The difference? Home Depot, which in 20 years had revolutionized the way people look at home repair.

It all began on April 14, 1978, when Marcus and Arthur Blank were fired from their jobs at Daylin Corp. by an arrogant chief executive who called himself "Ming the Merciless" after the villain in the old Flash Gordon movies. Marcus and Blank were dejected, but spurred on by friends they met over coffee and sketched plans for their dream, the home-improvement store of the future.

Today, they have 775 stores and $30 billion in sales. This is the appealing story of a business coup accomplished by the seats of its founders' pants, with energy, conviction and more than a little luck. --By Anne Stephenson, The Arizona Republic.

Elementals: Stories of Fire and Ice, By A.S. Byatt; Random House; $21.95.

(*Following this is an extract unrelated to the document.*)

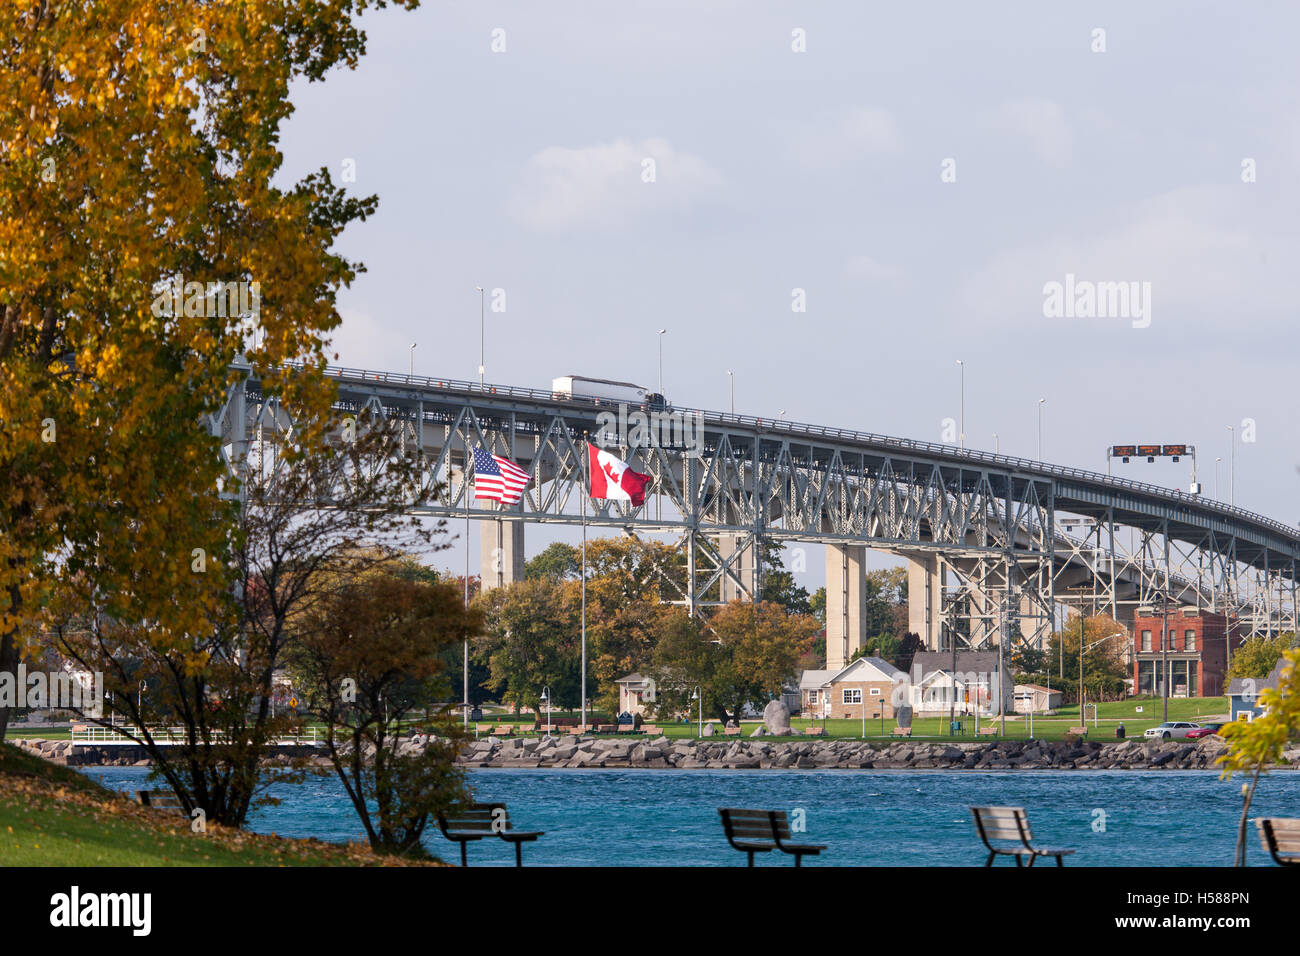 The Bluewater Bridge spanning the St. Clair River connects Sarnia Ontario, Canada, to Port Huron Michigan, USA. Stock Photo

One of the more energetic and magisterial of contemporary British writers, A. S. Byatt is part of a generation of novelists-cum-academics from the provinces -- the 20th-century heiresses to George Eliot -- whose strong intellects won them entrance to the great universities.

Many of the stories in "Elementals" -- confirming its subtitle, "Stories of Fire and Ice" -- involves European northerners who are either imprisoned or revived by the brutal south. The book's repeated message is stated clearly in a short fable, reminiscent of Isak Dinesen, titled "Christ in the House of Martha and Mary," in which Velzquez, staying at a grand Spanish house, teaches a gifted but bad-tempered cook not to resent her indifferent masters. "The divide," he informs her, "is not between the servants and the served, between the leisured and the workers, but between those who are interested in the world and its multiplicity of forms and forces, and those who merely subsist, worrying or yawning. . . . The world is full of light and life, and the true crime is not to be interested in it."

"Elementals" is similarly full of light and life. -- Fernanda Eberstadt, New York Times Service.